Biden “Skinny” Budget May Be Released This Week
The much-anticipated fiscal year 2022 Biden budget may be released this week. Previously, the White House announced that it would be released last Thursday, but several reports noted that the Pentagon and the White House budget office have been at odds over the first defense budget under Biden. The disagreement may be at least partly to blame for delays in releasing the budget outline that was widely expected last week.
Lawmakers Look to Undo Sunset Rule
Reps. Raja Krishnamoorthi (D-Ill.) and Anna Eshoo (D-Calif.) have introduced H.J.Res.37, a resolution of disapproval of a Trump-era regulation at the U.S. Department of Health and Human Services (HHS) known as the SUNSET Rule. The regulation would cause existing health regulations to expire if they are not reviewed by HHS every 10 years. The resolution of disapproval currently has no Senate companion. The effective date of the rule was recently delayed by the Biden administration until 2022 to allow a lawsuit against the regulation to proceed.

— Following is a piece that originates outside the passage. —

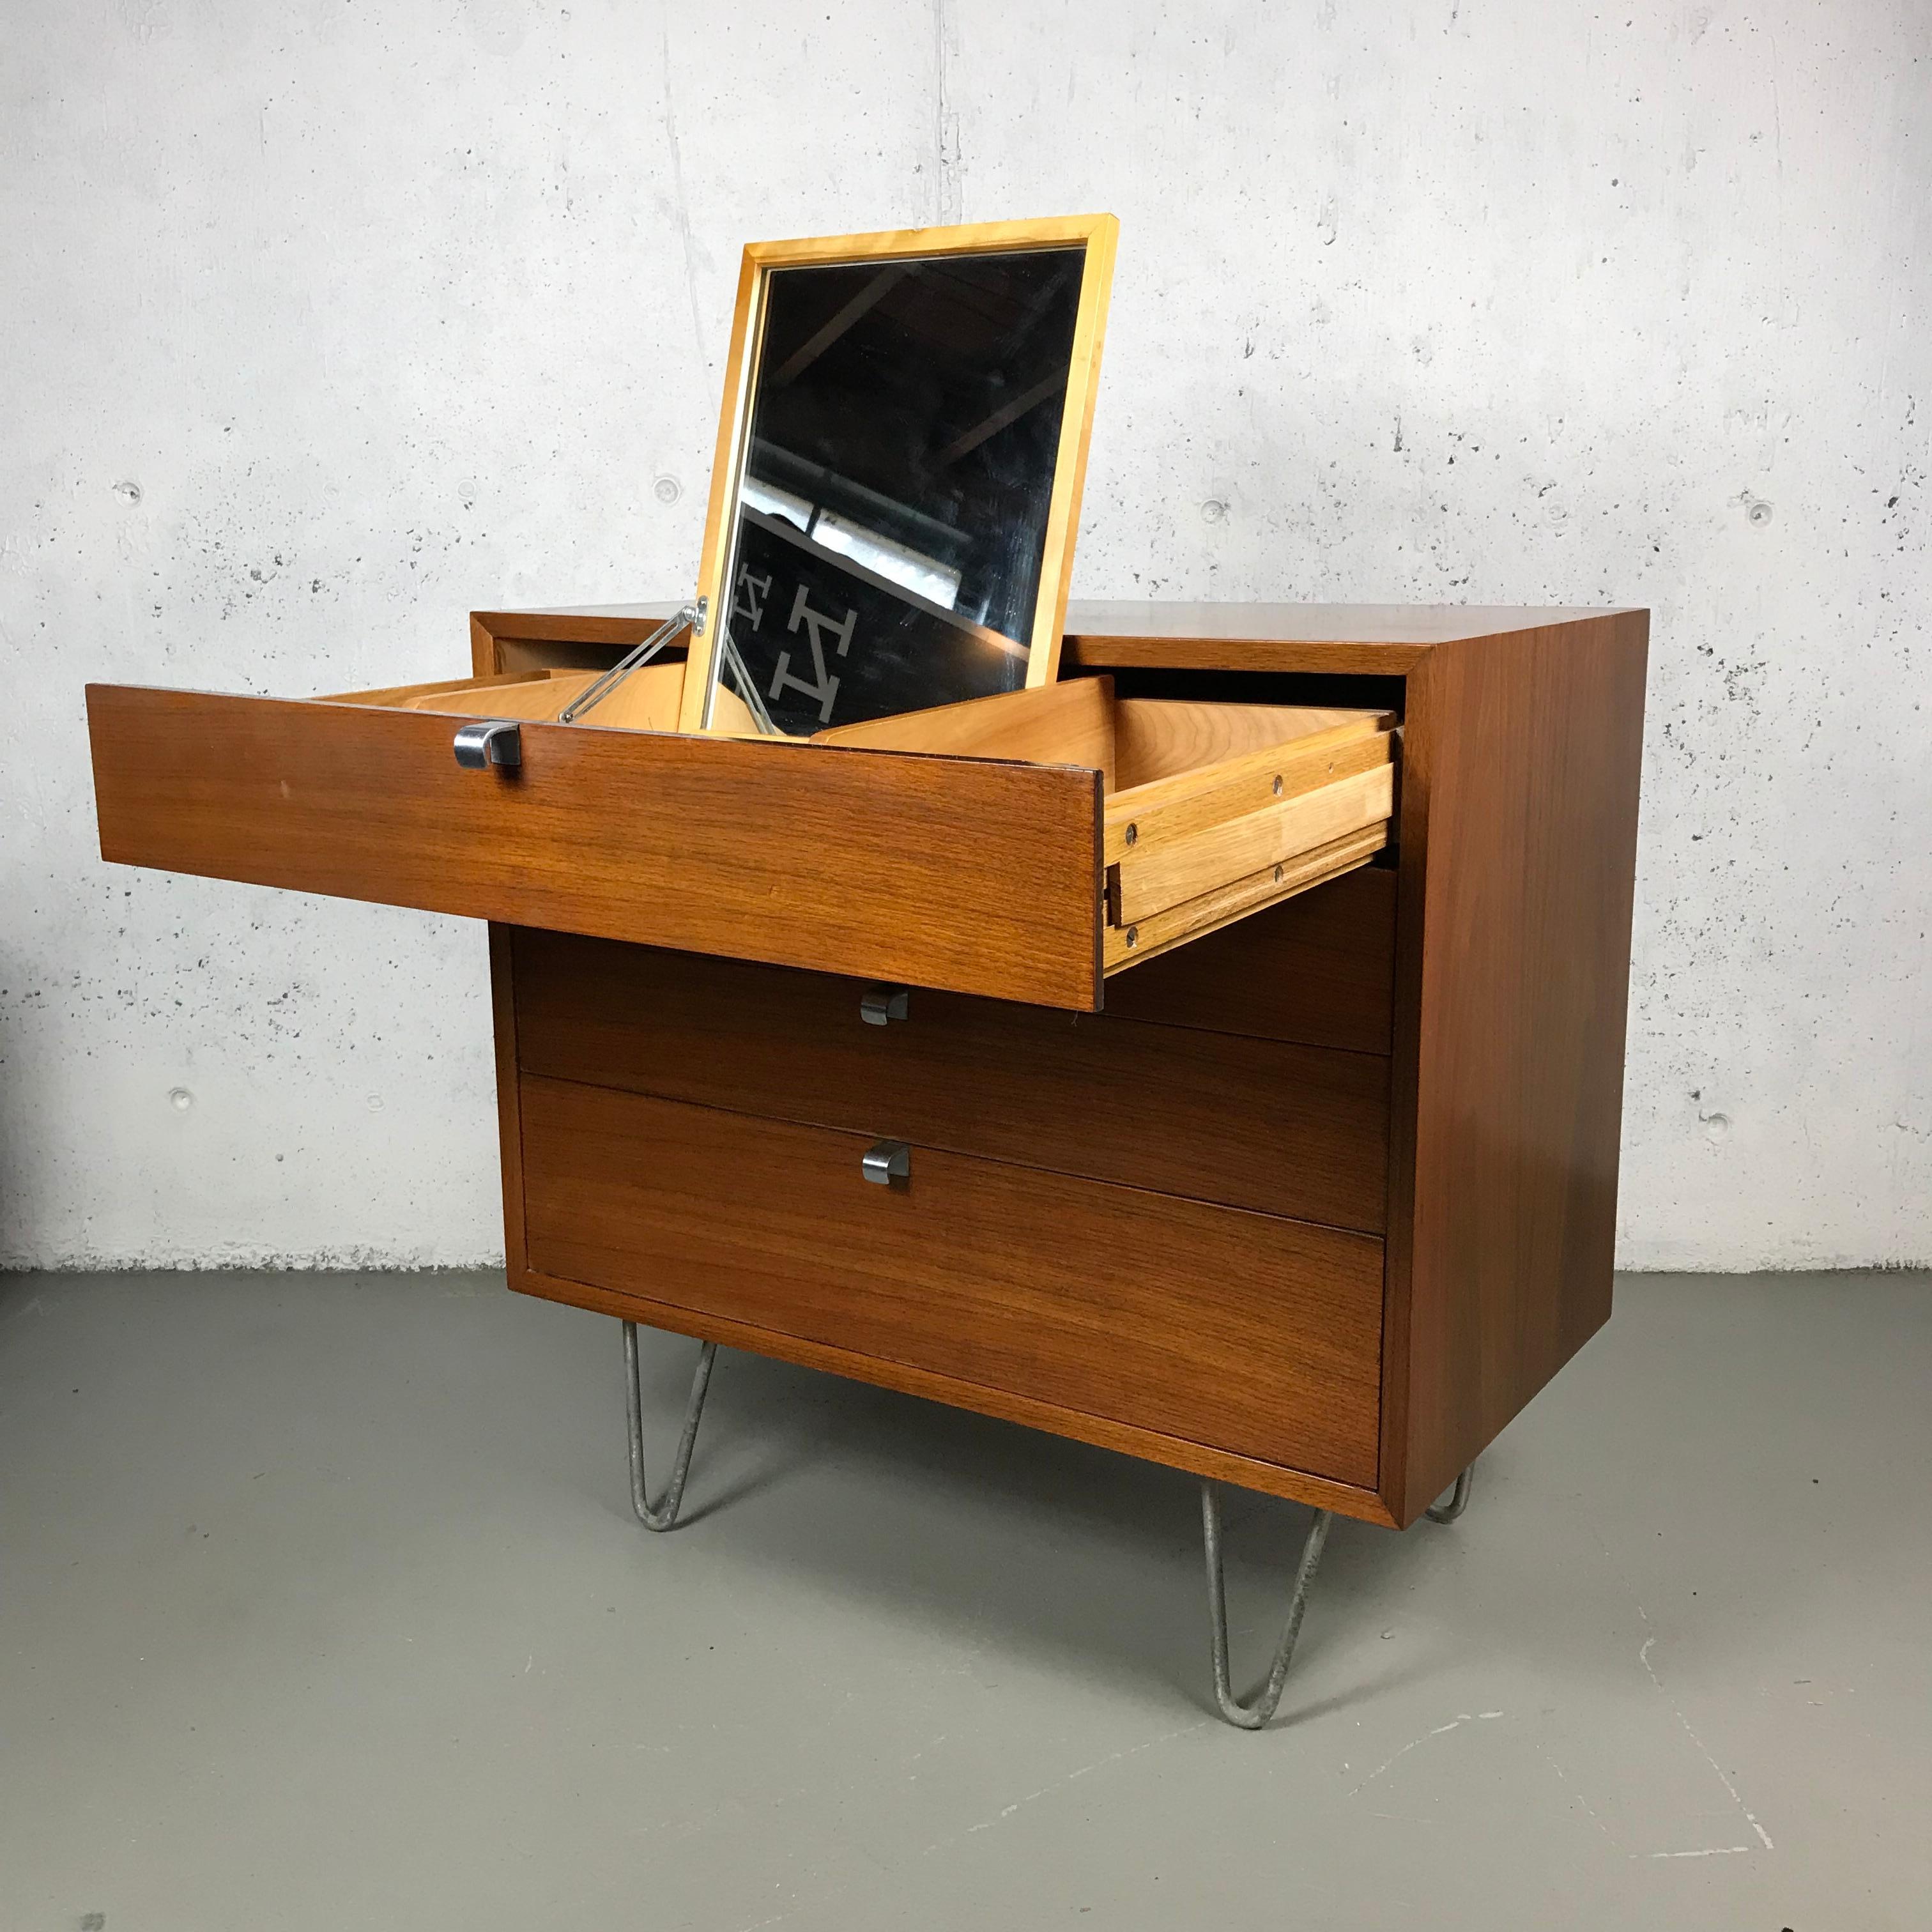 Early original George Nelson for Herman Miller, 1950s chest with drawer top movable vanity. This is a nice original example of one of the 1950s best designs: Nelson's use of his hairpin legs that he designed. The original foil label is present in

Democrats Comment on NIST Bayh-Dole Regulation
Agroup of Democratic lawmakers led by House Ways and Means Health Subcommittee Chair Lloyd Doggett (D-Texas) has submitted a public comment on a Trump-era proposed rule from the National Institute of Standards and Technologies (NIST) to revoke the federal government’s authority under the Bayh-Dole Act to protect the public from unreasonable prices on taxpayer-funded inventions. The comments argue that the regulation would reverse the federal government’s ability to prevent price-gouging on prescription drugs. “The NIST proposal is a grave misjudgment and would likely exacerbate the already exorbitant cost of prescription medicines,” the lawmakers state. They encourage NIST to instead “pursue measures to support access to medicines and fiscal responsibility, such as a requirement of reasonable pricing clauses in all federal funding contracts.”
GAO Releases New Report on Remdesivir Development and Pricing
The Government Accountability Office (GAO) has released a report finding that the federal government spent at least $162 million between 2013 and 2020 on preclinical studies and clinical trials for antiviral drug Remdesivir, the first Food and Drug Administration (FDA)-approved treatment for COVID-19. The contributions did not result in government patent rights, however, because the research did not generate new inventions, the GAO concludes. The report was requested by House Oversight Committee Chairwoman Carolyn Maloney (D-N.Y.) and Sen. Debbie Stabenow (D-Mich.) to increase the understanding of how taxpayer funded research is being used to develop new drugs and vaccines. Following the report’s release, the lawmakers criticized manufacturer Gilead Sciences Inc. for “charging an unconscionable price for a drug developed with millions in taxpayer-funded research.” Remdesivir costs $3,120 for a five-day course. The two lawmakers called for more transparency around federal spending supporting drug development.